November 11, 2015
The Unrepresented Nations and Peoples Organization (UNPO), in collaboration with Kontseilua, the Council of Basque Language Entities, and the Donostia/San Sebastian 2016 Capital of Culture Foundation, convened on Tuesday 10 November 2015 a high-level conference, hosted by Jordi Sebastiá MEP (EFA/Greens), Co-Chairman of the Intergroup for Traditional Minorities and National Communities and Languages. The presentation shed light on the structure and objectives of the Summit and Protocol on Language Diversity and discussed the role that States, international and transnational organizations, including the European Union, could play to support language equality and diversity. The project is part of the 2016 Donostia/San Sebastian European Capital of Culture programme.
The conference held at the European Parliament on Tuesday [10 November 2015] started with inspirational opening remarks from Mr Jordi Sebastiá on the lack of protection of the regional and minoritised languages in Europe and the necessity to recognize regional languages as an absolute fundamental right. To illustrate his argument, Mr Sebastiá compared the difficulties faced by Swedish youth in Finland to the case of Catalonia; young Catalans from Valencia do not have access to Catalan TV stations and are unable to follow their favorite football teams in their own language. As pointed out by Mr Sebastiá, even though children can study in their native language, they are unable to watch movies in their language in local cinemas, and hence, their language of reference – the language of play and games – inexorably changes. He concluded by reminding the audience that language is an essential cultural asset and a fundamental legacy of successive generations that should be better protected by the EU.
The General Secretary of Kontseilua, Mr Paul Bilbao, presented his organization, an umbrella for pro-Basque language rights, before introducing the project of developing a Protocol on Language Diversity and explaining the objective behind such an instrument at the European level. He explained that the project, whose aim is to empower agents of social change to achieve an agreement on a far-reaching social contract, which can be adopted by a variety of different bodies as a tool for language protection. He further added that the project has been conceived, not only to guarantee the language rights of all nations in Europe, but also to preserve long-term peaceful coexistence between European peoples “united in diversity”.
Mr Tommaso Nodari, speaking on behalf of UNPO, then presented the reasons why the organization has joined the initiative. “By joining the Organization Committee, UNPO tries to share the lessons it has learned in almost 25 years of activities, representing unrepresented nations and peoples, and defending, among others, their language rights”.
Mr Nodari further added that “UNPO strongly believes that language diversity enriches not only minority communities, but the population of a country as a whole.
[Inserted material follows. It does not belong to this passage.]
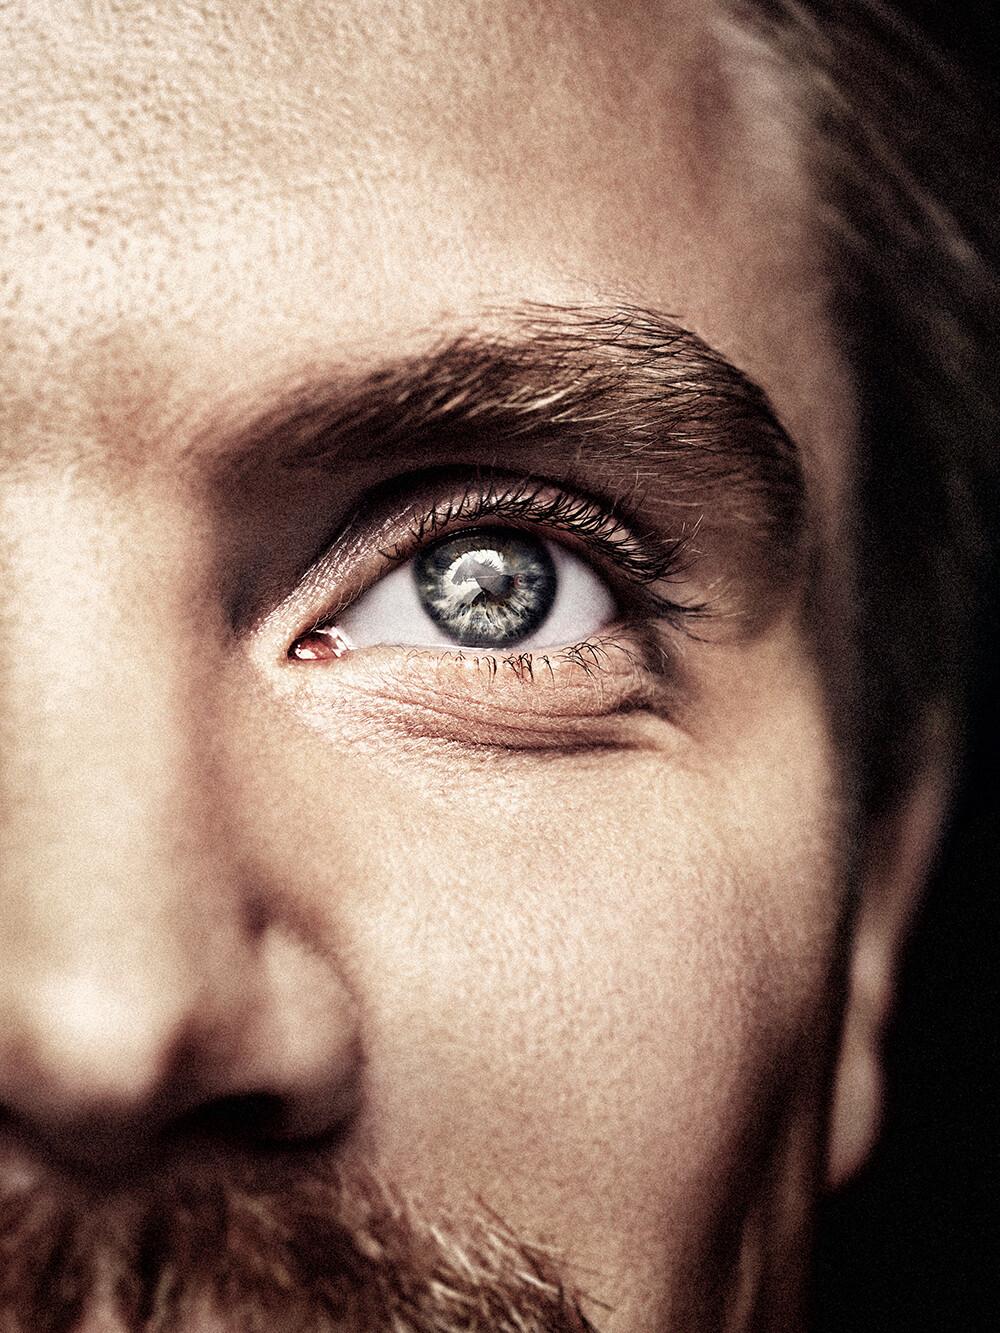 Alexander crispin atg eye 2
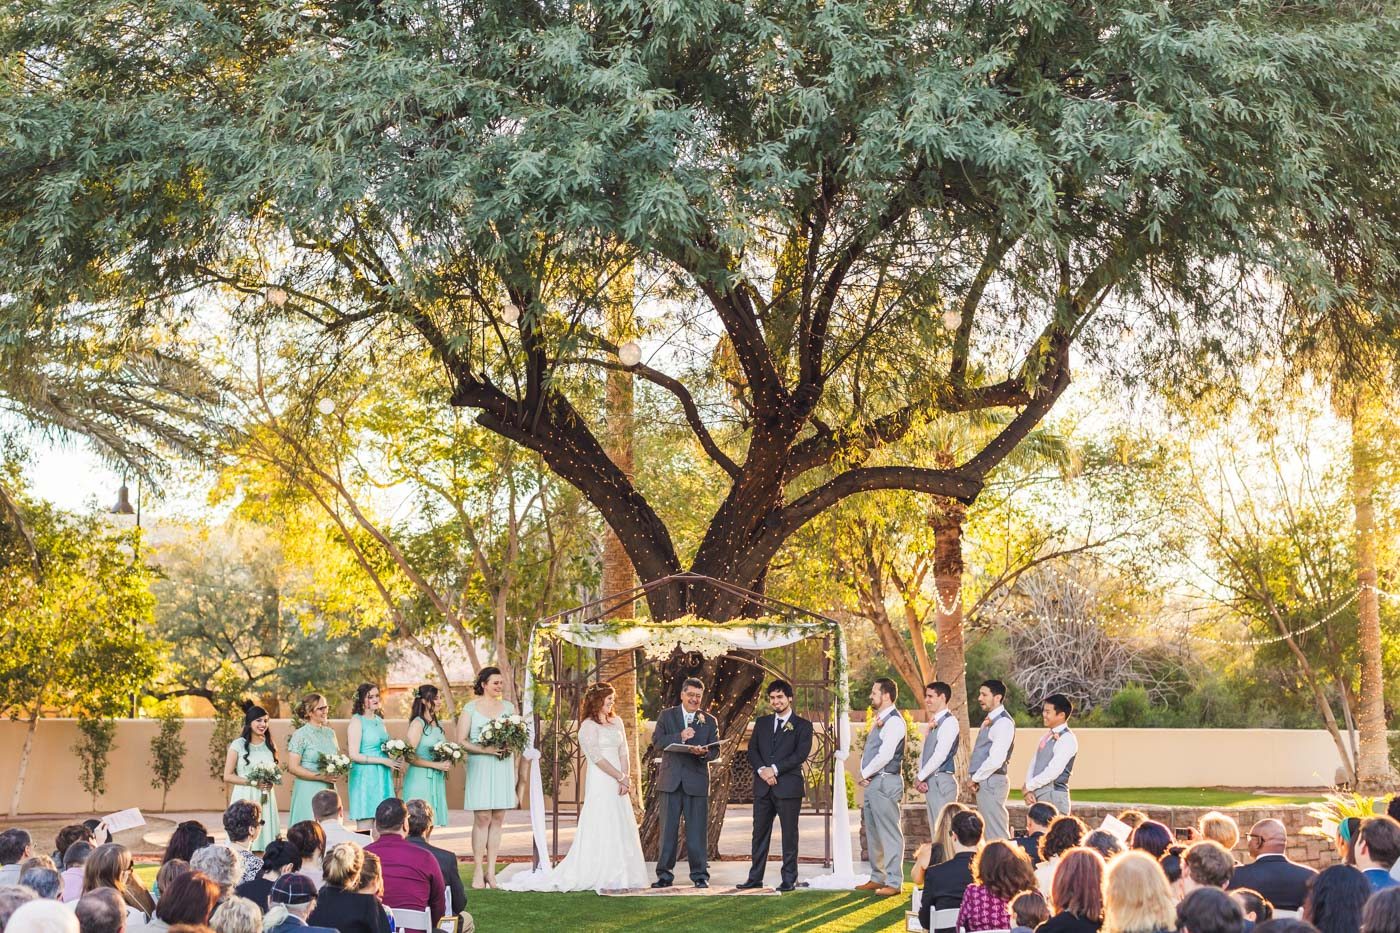 aaron-kes-photography-secret-garden-event-center-wedding-20.jpg

Consequently, joining this initiative is a way for UNPO to contribute to the protection of cultural and language heritage for all, even generations to come, and starting from Europe, but hopefully also outside of its borders, where many UNPO Members reside”.
In his closing remarks, Mr. Bilbao summarized the discussions with a determined and hopeful attitude. UNPO reaffirms its strong commitment to raise awareness not only about peoples’ linguistic rights in Europe, but all around the world. In December 2015, a Scientific Committee, composed of 15 to 16 linguistic and legal experts, will be invited to develop a draft of the Protocol on Language Diversity that will be approved in 2016 by the Organising Committee and presented to the public at Donostia’s European Language Diversity Summit in December 2016.